───── DATASET RECORDS ─────

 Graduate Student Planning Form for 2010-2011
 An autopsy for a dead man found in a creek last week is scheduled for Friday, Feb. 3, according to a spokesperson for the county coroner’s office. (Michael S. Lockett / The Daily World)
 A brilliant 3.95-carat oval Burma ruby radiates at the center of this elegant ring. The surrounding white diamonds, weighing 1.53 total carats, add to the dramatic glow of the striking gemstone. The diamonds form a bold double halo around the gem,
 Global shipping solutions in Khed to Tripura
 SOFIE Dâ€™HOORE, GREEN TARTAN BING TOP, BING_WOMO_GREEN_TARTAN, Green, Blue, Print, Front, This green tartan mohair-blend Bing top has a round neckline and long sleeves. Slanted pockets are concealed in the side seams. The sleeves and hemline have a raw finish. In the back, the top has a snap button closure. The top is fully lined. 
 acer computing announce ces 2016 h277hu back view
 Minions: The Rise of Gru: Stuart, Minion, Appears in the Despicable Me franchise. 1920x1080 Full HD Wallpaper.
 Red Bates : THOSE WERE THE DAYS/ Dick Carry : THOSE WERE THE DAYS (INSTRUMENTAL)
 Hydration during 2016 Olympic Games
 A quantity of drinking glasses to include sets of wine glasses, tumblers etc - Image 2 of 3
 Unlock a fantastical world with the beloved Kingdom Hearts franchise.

─────

### HOW TO COMPLETE THIS TASK
The required output is an exact retyping of the lines from the one that contains "Hydration during 2016 Olympic Games" through the last line of the material above.

### ANSWER BELOW
 Hydration during 2016 Olympic Games
 A quantity of drinking glasses to include sets of wine glasses, tumblers etc - Image 2 of 3
 Unlock a fantastical world with the beloved Kingdom Hearts franchise.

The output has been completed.